(YOUR GOAL) Your output should be exactly the lines from the one containing "Smiley Face Thumbs" through the last line of the listing, and nothing else. Pictures stay out.

(DATA EXCERPT)
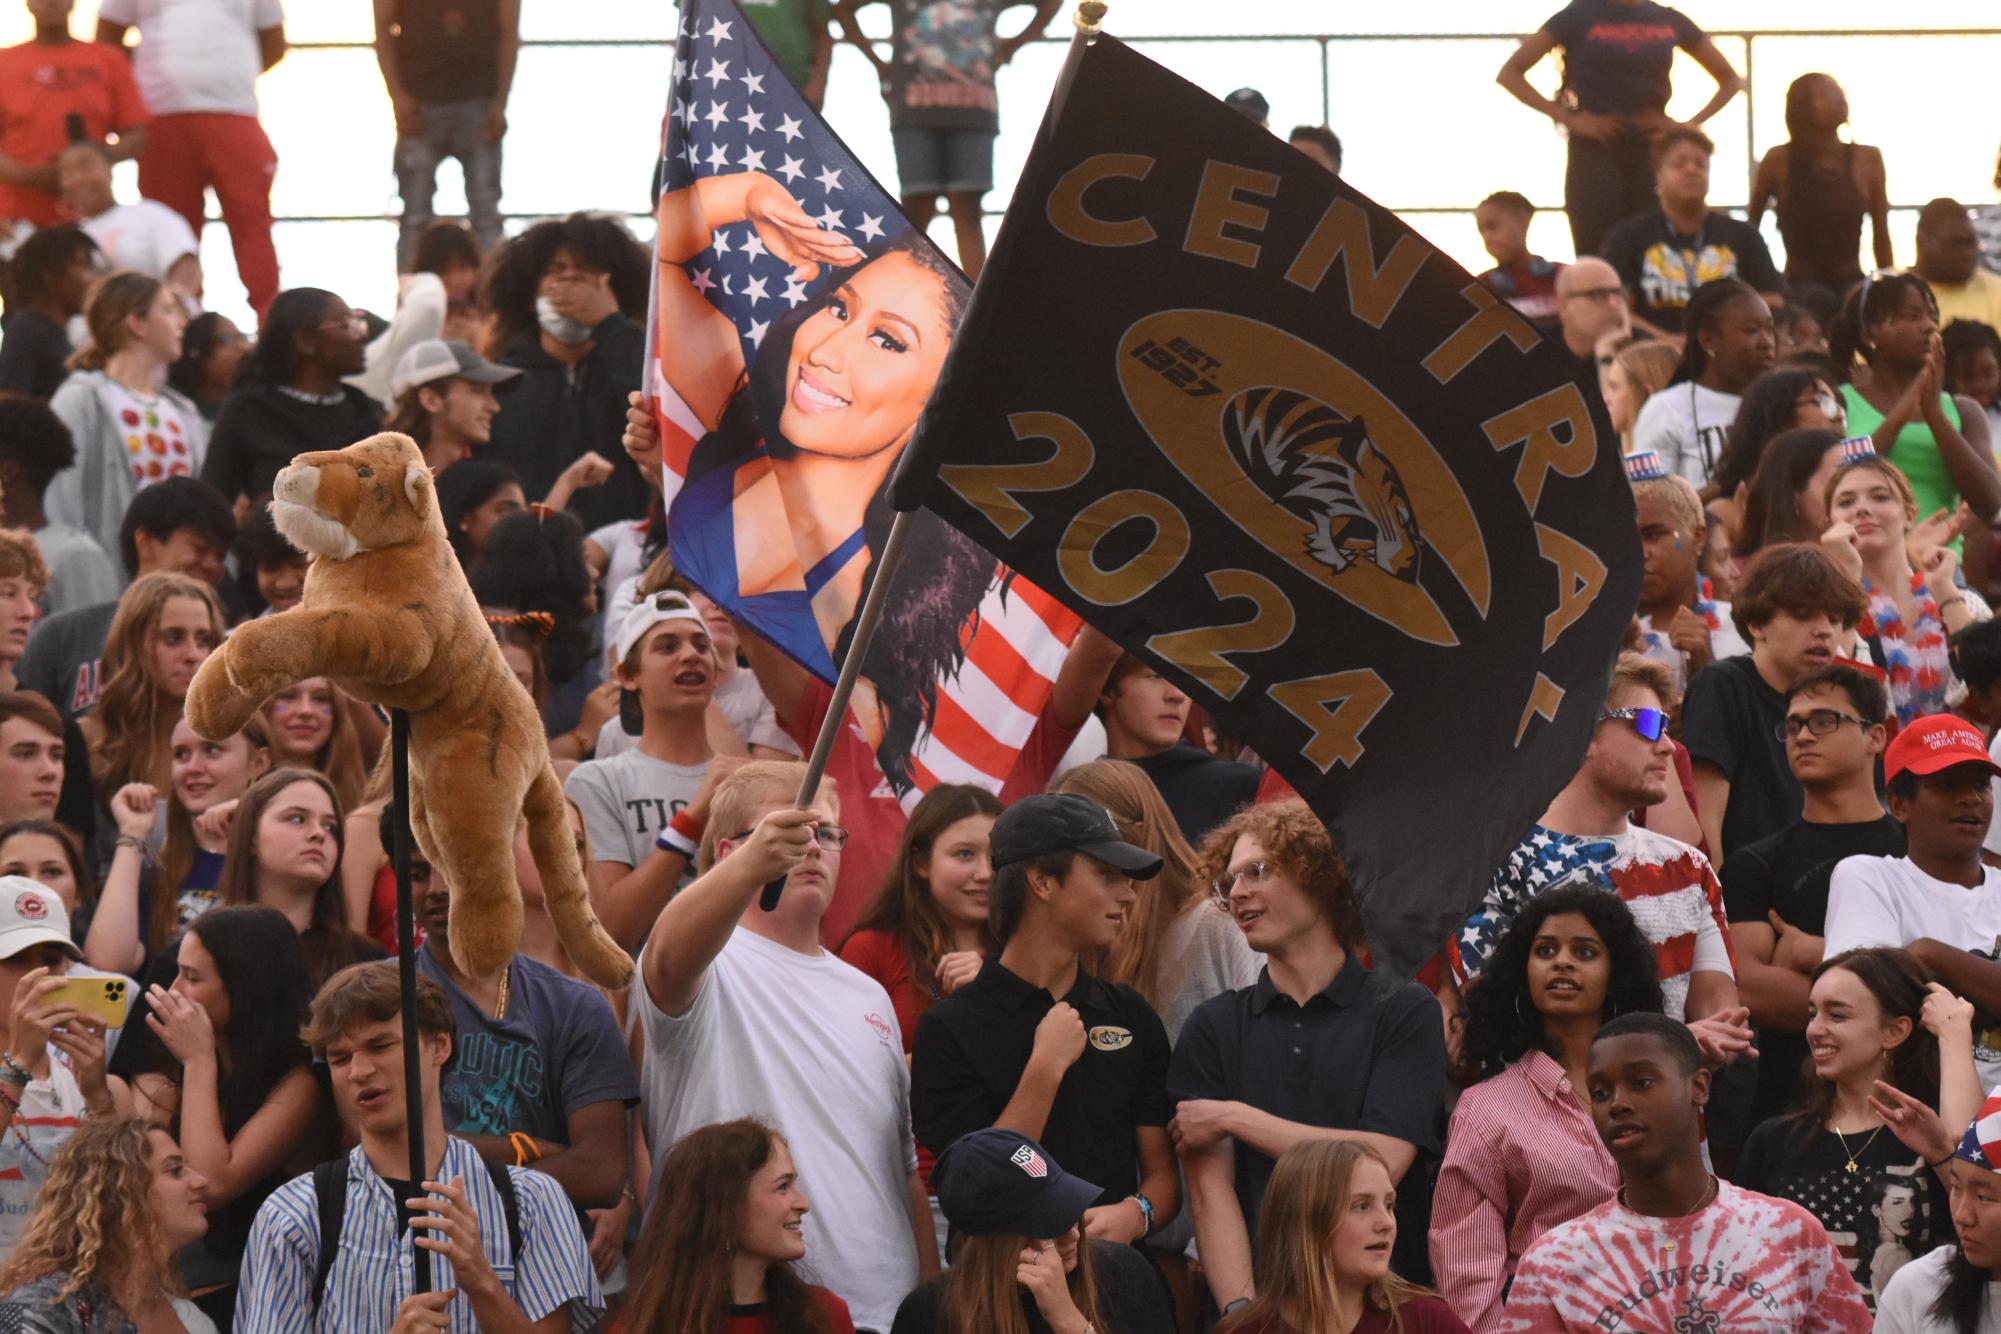 The schools student section brought flags to participate in the theme, USA for the Sept. 1 game. 
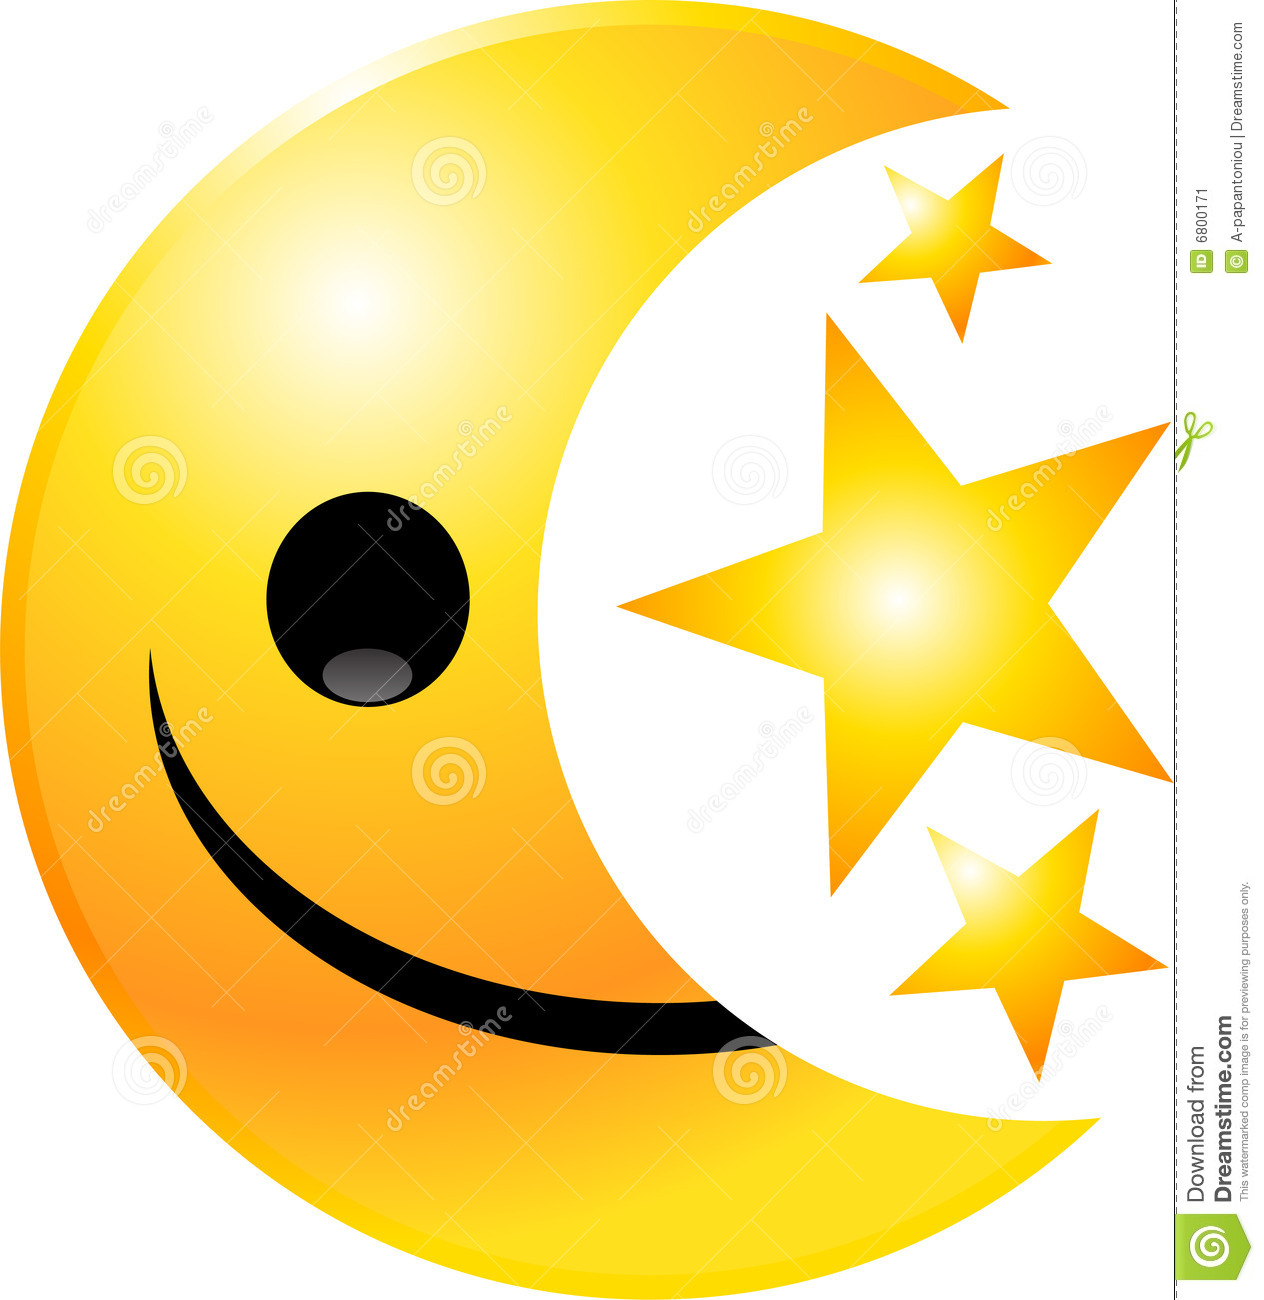 Smiley Face Thumbs Up Black And White Smiley Face Clipart Emoticon
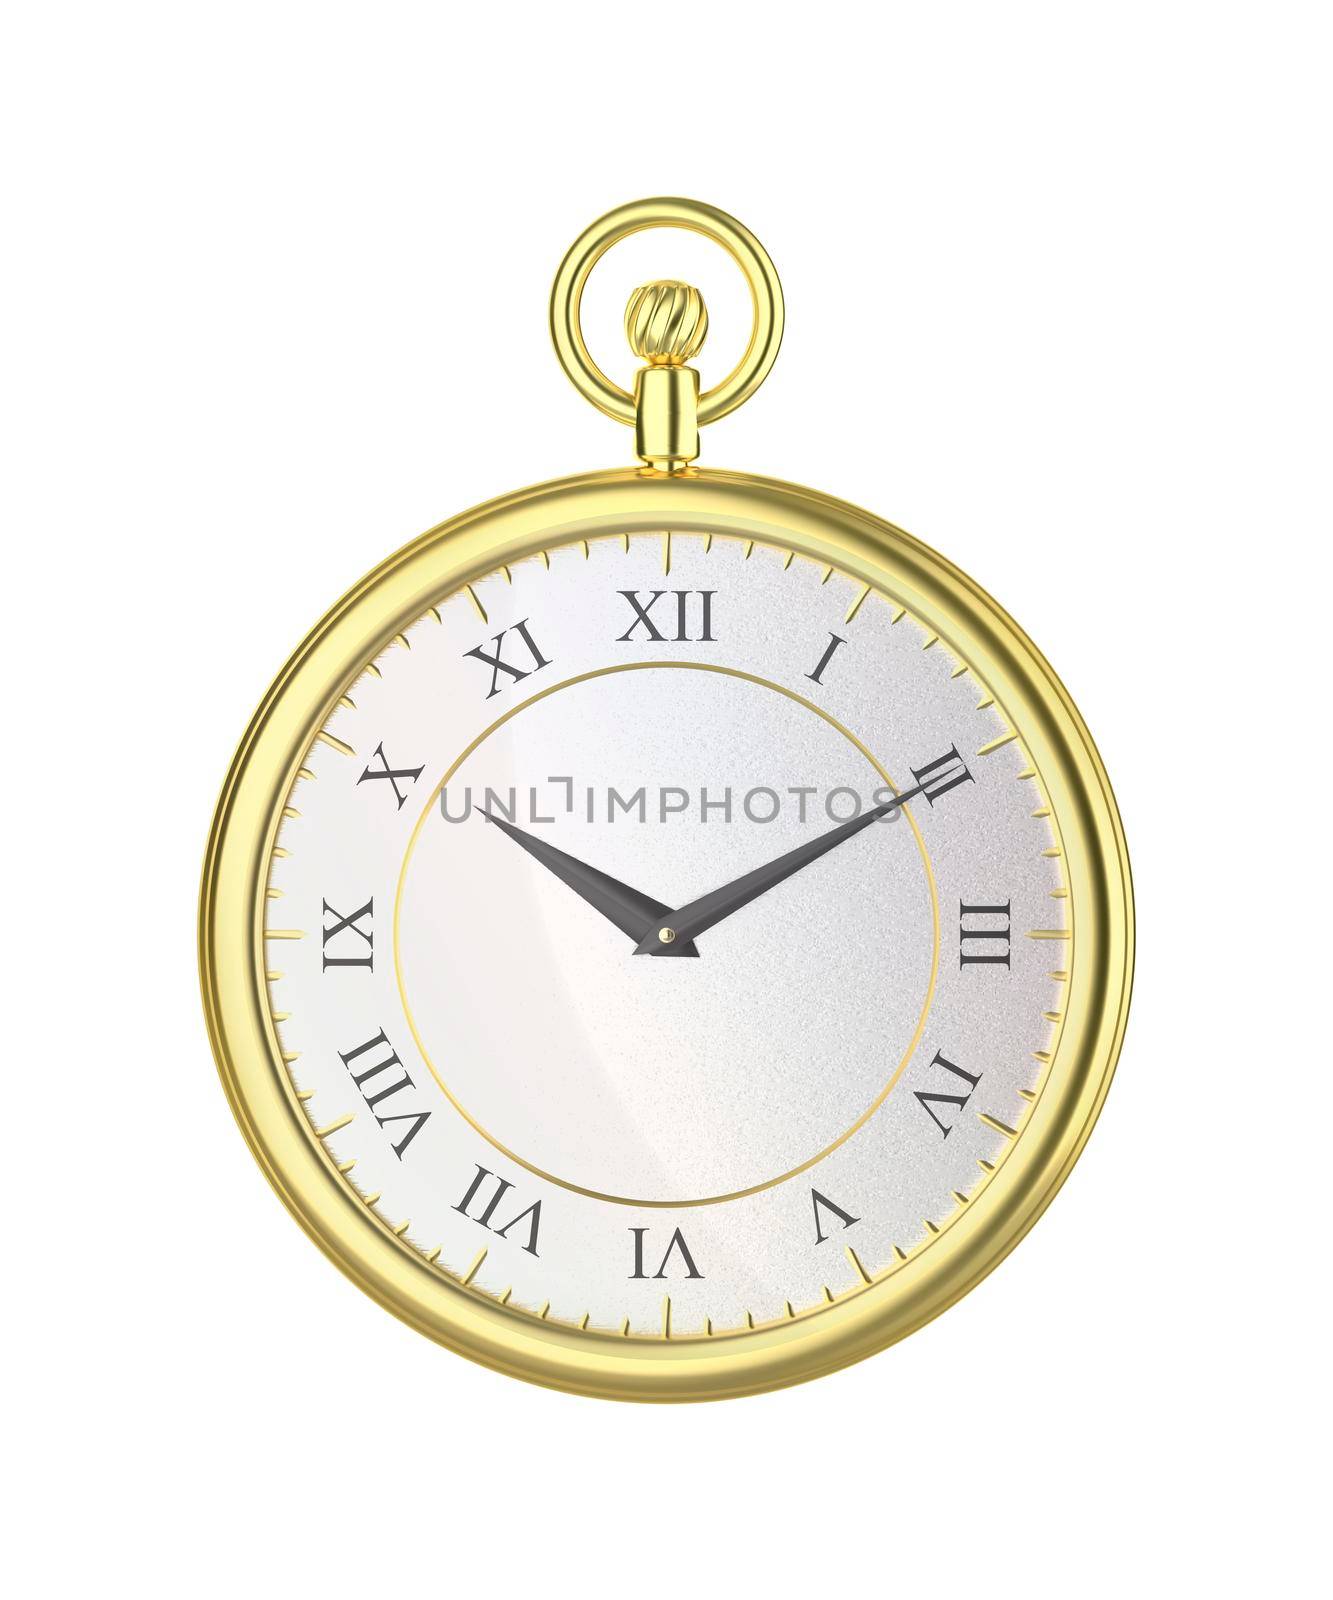 Luxury golden pocket watch isolated on white background, front view

(RESULT OF THE TASK)
 Smiley Face Thumbs Up Black And White Smiley Face Clipart Emoticon
 Luxury golden pocket watch isolated on white background, front view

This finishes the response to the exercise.